Always Love Your Man (Cara Devito/1975/21 mins/DCP)
Clotheslines (Roberta Cantow/1982/32 mins/16mm)
Chris and Bernie (Bonnie Friedman and Deborah Shaffer/1975/25 mins/16mm)
Joyce at 34 (Joyce Chopra and Claudia Weill/1972/28 mins/16mm)
Four films about domestic life: Always Love Your Man, Cara Devito’s intimate portrait of her grandmother, recounting the abuse she suffered at her husband’s hands; Clotheslines, a film that takes laundry seriously as a form of folkart, a fraught social signifier and lens for women to reflect on the joys, pains and ambivalences of household chores; Chris and Bernie, the story of two young single mothers who join forces to make a new kind of family unit for themselves and their children; and Joyce at 34, Joyce Chopra and Claudia Weill’s ground-breaking documentary about the difficulty of balancing family and career.

Yudie (Mirra Bank/1974/20 mins/16mm)
Fannie’s Film (Fronza Woods/1979/15 mins/DCP)
Keltie’s Beard (Barbara Halpern Martineau/1983/9 min/16mm)
Baby Doll (Tessa Hughes-Freeland/1982/3 mins/16mm)
Betty Tells Her Story (Liane Brandon/1972/20 mins/16mm)
Guérillère Talks (Vivienne Dick/1978/28min/DCP)
Portraits of women living ordinary and eccentric lives including Yudie, focusing on an elderly Lower East Side lifer, looking back at a life lived on her own terms; Fannie’s Film, Fronza Woods’ beautiful portrait of an older cleaning woman going through her day’s work while revealing her thoughts and aspirations in voiceover; Keltie’s Beard, in which a woman rhapsodizes about the pride she takes in her beard; Baby Doll, a film of two topless dancers preparing for work while talking about their job and their patrons; in Betty Tells Her Story, a woman tells the story of finding and losing the perfect dress twice, first as a humorous anecdote, then as a fulcrum of her anxieties and insecurities; and Guérillère Talks, Vivienne Dick’s single-reel portraits of No Wave icons including Pat Place and Lydia Lunch.

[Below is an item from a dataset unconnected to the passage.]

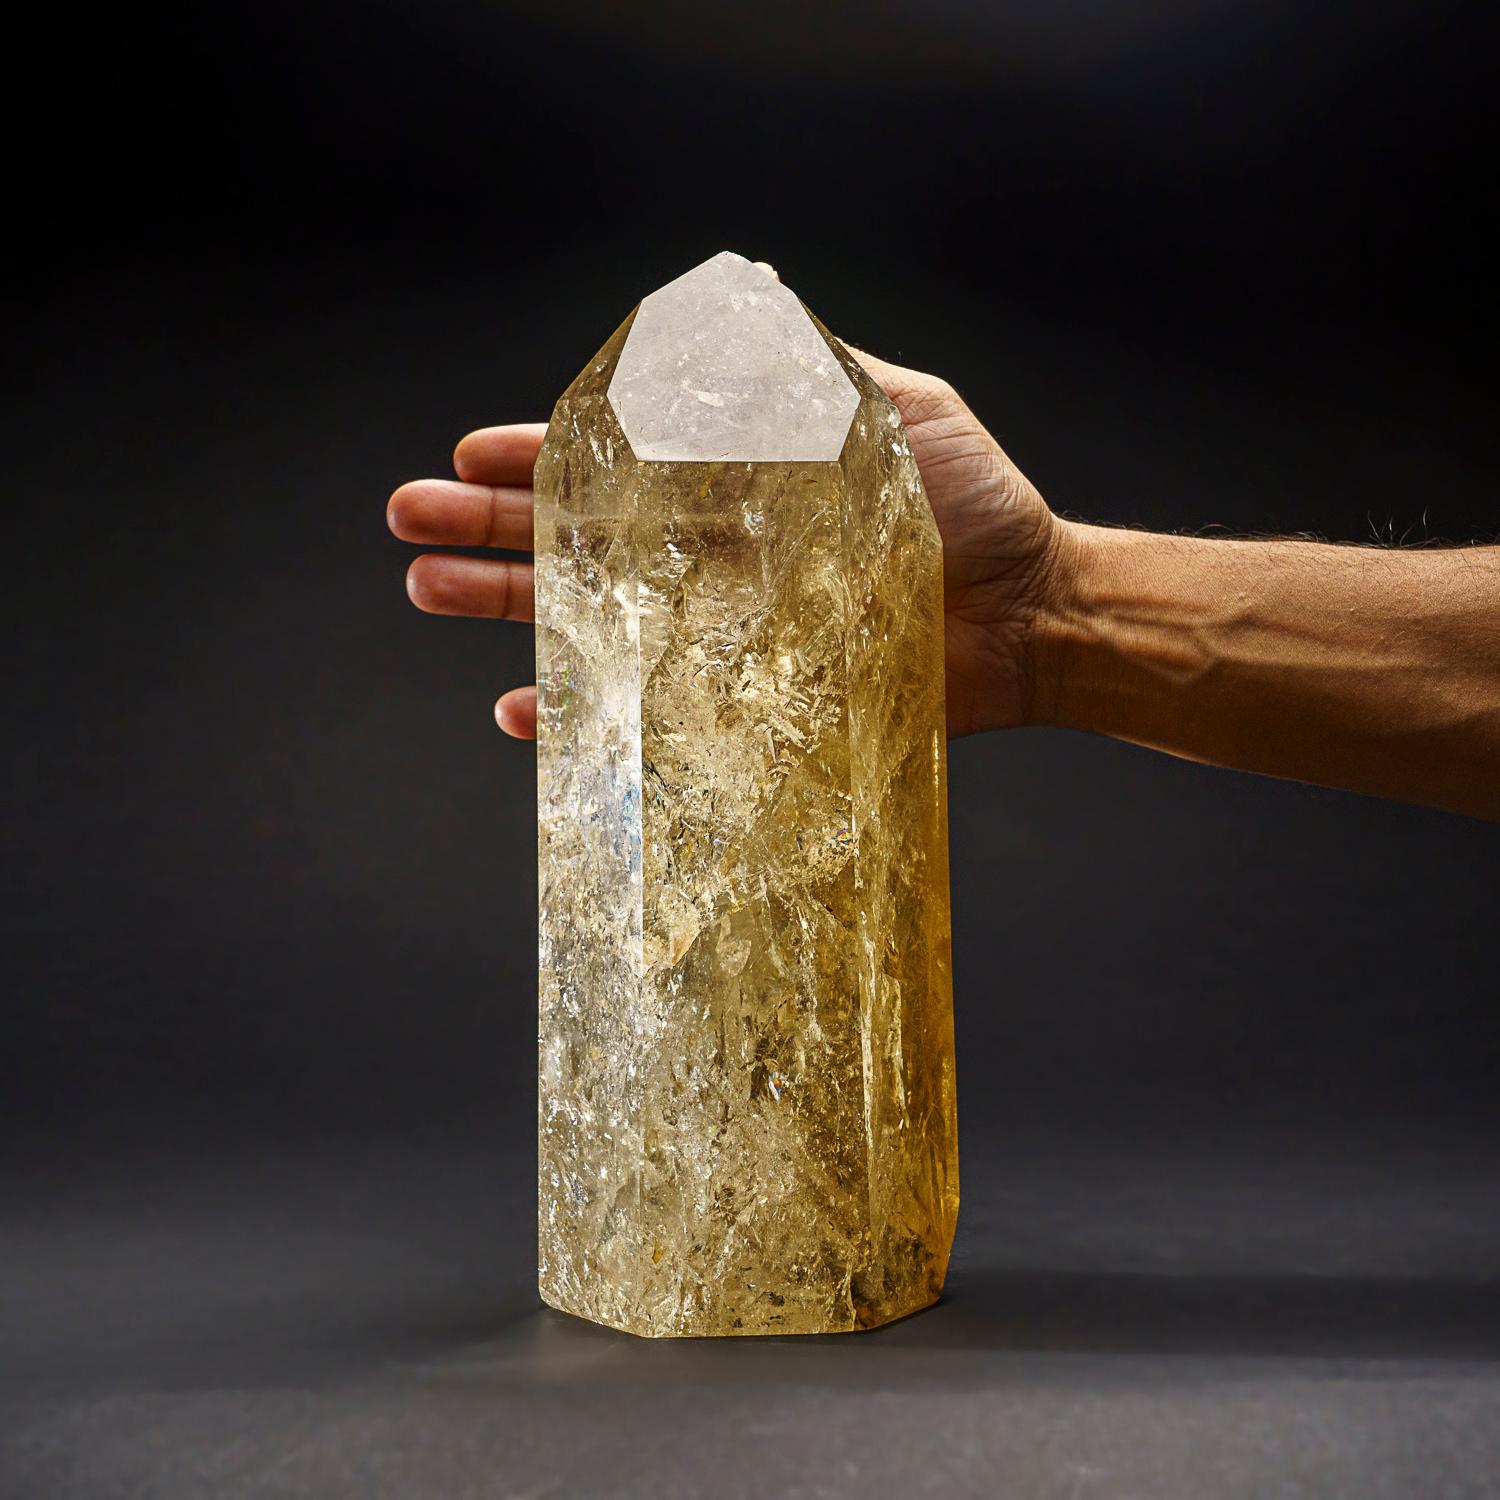 Brésilien Point de cristal de citrine authentique de qualité musée du Brésil (10 livres)

It Happens To Us (Amalie R Rothschild/1973/23 mins/16mm)
The Women’s Film (Women’s Caucus — San Francisco Newsreel/1971/40 mins/16mm)
An incredible document of the ferment of the women’s movement, The Women’s Film was largely shot in consciousness raising groups, where women from different walks of life came together to discuss their daily lives and develop solidarity around their growing understanding of the oppression they all face. Screening with It Happens To Us, a plea for a women’s right to choose released a year before Roe v Wade. Rothchild lays out the dire realities of illegal abortion, while interviewing women from a variety of backgrounds who made the choice to terminate a pregnancy.

Veronica (Pat Powell/1970/28 mins/16mm)
Growing Up Female (Julia Reichert and Jim Klein/1971/53 mins/16mm)
Hailed by Susan Sontag (“One of those painful experiences that’s good for you”), Gloria Steinem (“A true and piercing look at American womanhood”), and Elizabeth Hardwick (“In its unadorned truthfulness there is a sad and simple poetry, and a lesson about the lives of all of us”), Julia Reichert and Jim Klein’s Growing Up Female was a touchstone of 1970s feminism, illuminating the forces that shaped the lives and self-images of six girls and women. Screening with Veronica, a short documentary about a black high school leader from 1970.